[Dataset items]

_____

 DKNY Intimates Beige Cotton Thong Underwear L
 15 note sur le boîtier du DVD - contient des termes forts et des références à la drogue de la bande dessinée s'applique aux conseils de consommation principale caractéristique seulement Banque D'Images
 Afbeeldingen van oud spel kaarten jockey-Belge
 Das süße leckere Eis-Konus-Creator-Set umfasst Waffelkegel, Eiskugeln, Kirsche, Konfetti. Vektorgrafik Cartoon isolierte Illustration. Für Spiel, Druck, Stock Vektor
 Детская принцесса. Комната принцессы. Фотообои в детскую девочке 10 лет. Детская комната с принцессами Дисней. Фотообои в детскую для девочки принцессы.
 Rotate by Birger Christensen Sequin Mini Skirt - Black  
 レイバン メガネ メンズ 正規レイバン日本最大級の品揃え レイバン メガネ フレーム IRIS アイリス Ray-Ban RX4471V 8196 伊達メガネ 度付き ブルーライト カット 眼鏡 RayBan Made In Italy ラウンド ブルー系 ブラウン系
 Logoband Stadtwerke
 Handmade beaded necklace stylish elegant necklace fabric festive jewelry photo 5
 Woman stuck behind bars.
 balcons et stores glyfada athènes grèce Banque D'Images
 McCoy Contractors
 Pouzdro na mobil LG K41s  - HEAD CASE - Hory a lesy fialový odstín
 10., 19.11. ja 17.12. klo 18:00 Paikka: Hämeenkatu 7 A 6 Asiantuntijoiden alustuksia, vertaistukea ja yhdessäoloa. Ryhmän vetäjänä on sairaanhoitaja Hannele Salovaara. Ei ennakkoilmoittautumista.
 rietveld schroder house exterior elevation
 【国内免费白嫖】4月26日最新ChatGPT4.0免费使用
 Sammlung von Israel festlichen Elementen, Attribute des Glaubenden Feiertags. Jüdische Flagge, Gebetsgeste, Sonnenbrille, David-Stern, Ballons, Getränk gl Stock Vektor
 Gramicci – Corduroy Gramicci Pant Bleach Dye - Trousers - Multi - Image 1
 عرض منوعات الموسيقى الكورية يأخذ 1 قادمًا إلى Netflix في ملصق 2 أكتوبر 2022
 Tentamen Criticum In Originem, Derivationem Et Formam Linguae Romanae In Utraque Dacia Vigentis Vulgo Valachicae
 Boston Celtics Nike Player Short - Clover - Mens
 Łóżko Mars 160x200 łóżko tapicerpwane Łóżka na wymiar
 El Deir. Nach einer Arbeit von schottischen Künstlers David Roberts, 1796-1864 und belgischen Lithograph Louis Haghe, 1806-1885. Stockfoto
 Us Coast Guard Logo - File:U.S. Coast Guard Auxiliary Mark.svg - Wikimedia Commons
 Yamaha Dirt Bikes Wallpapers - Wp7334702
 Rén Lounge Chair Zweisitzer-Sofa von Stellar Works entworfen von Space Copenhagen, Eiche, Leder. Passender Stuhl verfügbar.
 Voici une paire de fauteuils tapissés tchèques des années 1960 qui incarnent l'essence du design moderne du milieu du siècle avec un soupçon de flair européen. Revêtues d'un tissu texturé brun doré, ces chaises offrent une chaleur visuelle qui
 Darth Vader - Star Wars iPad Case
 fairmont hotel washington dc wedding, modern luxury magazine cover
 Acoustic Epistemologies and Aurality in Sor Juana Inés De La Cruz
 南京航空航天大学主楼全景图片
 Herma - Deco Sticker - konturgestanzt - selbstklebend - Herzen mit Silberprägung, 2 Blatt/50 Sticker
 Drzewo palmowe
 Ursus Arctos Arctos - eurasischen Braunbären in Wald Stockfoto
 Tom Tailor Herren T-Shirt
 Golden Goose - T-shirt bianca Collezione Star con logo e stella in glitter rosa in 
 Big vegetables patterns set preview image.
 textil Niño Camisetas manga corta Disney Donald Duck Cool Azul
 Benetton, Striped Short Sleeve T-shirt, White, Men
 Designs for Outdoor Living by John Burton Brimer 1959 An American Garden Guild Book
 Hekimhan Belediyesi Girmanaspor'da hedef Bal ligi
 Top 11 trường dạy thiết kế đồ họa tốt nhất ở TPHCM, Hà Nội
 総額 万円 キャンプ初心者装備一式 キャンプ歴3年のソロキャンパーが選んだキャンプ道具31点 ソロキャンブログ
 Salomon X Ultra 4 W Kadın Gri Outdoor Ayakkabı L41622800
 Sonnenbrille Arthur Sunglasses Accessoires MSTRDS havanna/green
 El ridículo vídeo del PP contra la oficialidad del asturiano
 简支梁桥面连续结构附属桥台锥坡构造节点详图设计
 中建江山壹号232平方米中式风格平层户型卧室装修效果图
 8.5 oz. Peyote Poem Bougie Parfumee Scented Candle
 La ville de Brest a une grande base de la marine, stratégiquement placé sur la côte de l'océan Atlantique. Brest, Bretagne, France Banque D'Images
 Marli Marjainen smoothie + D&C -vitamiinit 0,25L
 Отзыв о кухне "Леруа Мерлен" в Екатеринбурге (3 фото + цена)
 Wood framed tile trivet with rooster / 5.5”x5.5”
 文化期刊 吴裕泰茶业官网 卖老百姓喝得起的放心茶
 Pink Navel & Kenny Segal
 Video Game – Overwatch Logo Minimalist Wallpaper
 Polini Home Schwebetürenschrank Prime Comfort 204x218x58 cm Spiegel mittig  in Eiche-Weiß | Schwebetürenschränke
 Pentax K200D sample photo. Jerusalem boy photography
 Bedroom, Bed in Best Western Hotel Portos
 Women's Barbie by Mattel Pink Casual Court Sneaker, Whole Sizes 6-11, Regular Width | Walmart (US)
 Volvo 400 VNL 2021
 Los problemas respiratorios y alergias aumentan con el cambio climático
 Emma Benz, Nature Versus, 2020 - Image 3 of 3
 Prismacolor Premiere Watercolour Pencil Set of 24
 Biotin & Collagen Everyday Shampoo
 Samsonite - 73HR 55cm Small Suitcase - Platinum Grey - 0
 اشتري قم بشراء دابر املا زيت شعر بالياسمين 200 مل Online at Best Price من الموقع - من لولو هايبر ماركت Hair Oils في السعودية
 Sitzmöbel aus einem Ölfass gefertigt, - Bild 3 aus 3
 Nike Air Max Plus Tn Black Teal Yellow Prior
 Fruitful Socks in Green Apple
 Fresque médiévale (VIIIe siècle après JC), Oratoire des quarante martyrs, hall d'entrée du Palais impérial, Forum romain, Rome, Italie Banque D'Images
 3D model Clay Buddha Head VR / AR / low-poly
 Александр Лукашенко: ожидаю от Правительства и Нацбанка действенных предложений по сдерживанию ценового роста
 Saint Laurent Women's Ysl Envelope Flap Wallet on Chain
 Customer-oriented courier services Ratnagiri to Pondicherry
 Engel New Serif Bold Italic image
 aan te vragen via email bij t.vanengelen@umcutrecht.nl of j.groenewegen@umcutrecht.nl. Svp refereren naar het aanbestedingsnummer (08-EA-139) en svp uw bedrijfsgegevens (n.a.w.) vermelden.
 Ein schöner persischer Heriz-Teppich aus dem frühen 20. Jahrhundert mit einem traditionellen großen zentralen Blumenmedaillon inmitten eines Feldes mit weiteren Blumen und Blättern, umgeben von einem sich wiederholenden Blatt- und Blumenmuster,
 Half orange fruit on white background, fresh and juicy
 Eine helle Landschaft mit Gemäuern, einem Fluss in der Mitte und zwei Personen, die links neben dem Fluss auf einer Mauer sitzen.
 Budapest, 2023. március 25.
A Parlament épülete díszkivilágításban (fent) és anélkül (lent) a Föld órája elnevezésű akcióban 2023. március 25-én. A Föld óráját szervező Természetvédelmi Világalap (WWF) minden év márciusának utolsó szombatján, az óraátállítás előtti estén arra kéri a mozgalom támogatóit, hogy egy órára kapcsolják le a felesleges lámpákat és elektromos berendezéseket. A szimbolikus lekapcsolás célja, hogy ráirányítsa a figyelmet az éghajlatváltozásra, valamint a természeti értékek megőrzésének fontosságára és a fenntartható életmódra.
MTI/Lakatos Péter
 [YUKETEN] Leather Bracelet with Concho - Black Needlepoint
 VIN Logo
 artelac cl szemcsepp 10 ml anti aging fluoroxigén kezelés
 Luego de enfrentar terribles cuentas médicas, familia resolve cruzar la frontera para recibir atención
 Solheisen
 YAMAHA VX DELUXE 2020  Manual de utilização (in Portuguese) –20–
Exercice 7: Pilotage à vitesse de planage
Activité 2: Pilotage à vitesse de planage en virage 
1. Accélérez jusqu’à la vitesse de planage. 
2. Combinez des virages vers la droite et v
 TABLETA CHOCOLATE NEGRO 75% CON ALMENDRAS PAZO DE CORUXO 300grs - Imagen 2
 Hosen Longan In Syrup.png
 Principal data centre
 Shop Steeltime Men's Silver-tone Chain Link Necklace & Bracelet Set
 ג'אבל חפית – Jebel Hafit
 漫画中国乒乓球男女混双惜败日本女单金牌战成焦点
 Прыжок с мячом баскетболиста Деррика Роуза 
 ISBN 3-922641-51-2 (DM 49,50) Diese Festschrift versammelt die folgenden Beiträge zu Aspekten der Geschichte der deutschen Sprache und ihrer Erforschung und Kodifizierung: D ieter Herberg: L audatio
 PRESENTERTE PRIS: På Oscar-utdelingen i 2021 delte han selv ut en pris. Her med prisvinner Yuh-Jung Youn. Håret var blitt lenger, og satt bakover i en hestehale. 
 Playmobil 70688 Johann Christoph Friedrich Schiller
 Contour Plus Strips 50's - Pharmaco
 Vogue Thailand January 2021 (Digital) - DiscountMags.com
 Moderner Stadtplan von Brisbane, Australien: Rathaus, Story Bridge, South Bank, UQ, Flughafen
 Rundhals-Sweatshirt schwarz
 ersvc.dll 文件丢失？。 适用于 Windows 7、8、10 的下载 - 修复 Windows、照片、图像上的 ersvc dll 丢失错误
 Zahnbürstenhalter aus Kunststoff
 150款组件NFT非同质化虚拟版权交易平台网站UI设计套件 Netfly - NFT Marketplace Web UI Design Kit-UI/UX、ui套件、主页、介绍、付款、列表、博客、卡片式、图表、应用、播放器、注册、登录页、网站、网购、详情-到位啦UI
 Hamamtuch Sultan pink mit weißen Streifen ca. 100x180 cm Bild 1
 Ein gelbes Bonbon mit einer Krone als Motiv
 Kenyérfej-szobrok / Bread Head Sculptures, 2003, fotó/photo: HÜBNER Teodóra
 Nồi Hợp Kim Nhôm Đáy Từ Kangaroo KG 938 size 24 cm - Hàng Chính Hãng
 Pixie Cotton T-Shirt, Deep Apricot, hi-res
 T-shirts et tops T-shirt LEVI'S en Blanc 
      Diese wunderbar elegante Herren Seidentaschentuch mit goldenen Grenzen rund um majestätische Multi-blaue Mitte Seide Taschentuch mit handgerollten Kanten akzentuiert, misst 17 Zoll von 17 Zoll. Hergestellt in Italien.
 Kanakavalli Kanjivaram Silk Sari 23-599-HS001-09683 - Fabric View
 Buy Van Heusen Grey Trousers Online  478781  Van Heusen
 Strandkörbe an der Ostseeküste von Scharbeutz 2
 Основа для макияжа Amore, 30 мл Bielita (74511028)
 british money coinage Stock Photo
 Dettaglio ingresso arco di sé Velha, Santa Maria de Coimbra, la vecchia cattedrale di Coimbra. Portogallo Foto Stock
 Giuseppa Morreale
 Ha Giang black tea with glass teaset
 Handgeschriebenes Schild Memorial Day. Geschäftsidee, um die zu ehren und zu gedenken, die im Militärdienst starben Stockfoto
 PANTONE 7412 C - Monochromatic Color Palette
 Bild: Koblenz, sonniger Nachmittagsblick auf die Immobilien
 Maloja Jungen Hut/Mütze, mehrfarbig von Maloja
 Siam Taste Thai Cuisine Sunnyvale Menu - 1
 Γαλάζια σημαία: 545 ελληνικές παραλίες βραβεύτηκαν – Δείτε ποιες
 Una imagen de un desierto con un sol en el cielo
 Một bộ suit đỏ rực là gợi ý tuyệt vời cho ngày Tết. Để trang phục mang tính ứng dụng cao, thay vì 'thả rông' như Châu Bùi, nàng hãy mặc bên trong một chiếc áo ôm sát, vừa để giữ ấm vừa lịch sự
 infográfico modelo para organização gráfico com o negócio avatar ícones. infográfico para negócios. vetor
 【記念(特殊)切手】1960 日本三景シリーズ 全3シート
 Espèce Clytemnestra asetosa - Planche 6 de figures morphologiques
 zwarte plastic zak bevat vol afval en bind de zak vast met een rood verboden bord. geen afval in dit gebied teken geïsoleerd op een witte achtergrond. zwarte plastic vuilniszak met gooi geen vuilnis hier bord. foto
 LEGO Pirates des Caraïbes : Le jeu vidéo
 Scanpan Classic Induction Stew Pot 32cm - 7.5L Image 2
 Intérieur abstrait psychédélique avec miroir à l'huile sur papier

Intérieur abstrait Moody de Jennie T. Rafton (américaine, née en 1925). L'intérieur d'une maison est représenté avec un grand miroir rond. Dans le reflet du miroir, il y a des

_____

ACTIVITY:
Among the entries above, locate the lines containing "El ridículo vídeo" and "Volvo 400 VNL 2021", and transcribe exactly those two lines and all lines between.

FINISHED TASK:
 El ridículo vídeo del PP contra la oficialidad del asturiano
 简支梁桥面连续结构附属桥台锥坡构造节点详图设计
 中建江山壹号232平方米中式风格平层户型卧室装修效果图
 8.5 oz. Peyote Poem Bougie Parfumee Scented Candle
 La ville de Brest a une grande base de la marine, stratégiquement placé sur la côte de l'océan Atlantique. Brest, Bretagne, France Banque D'Images
 Marli Marjainen smoothie + D&C -vitamiinit 0,25L
 Отзыв о кухне "Леруа Мерлен" в Екатеринбурге (3 фото + цена)
 Wood framed tile trivet with rooster / 5.5”x5.5”
 文化期刊 吴裕泰茶业官网 卖老百姓喝得起的放心茶
 Pink Navel & Kenny Segal
 Video Game – Overwatch Logo Minimalist Wallpaper
 Polini Home Schwebetürenschrank Prime Comfort 204x218x58 cm Spiegel mittig  in Eiche-Weiß | Schwebetürenschränke
 Pentax K200D sample photo. Jerusalem boy photography
 Bedroom, Bed in Best Western Hotel Portos
 Women's Barbie by Mattel Pink Casual Court Sneaker, Whole Sizes 6-11, Regular Width | Walmart (US)
 Volvo 400 VNL 2021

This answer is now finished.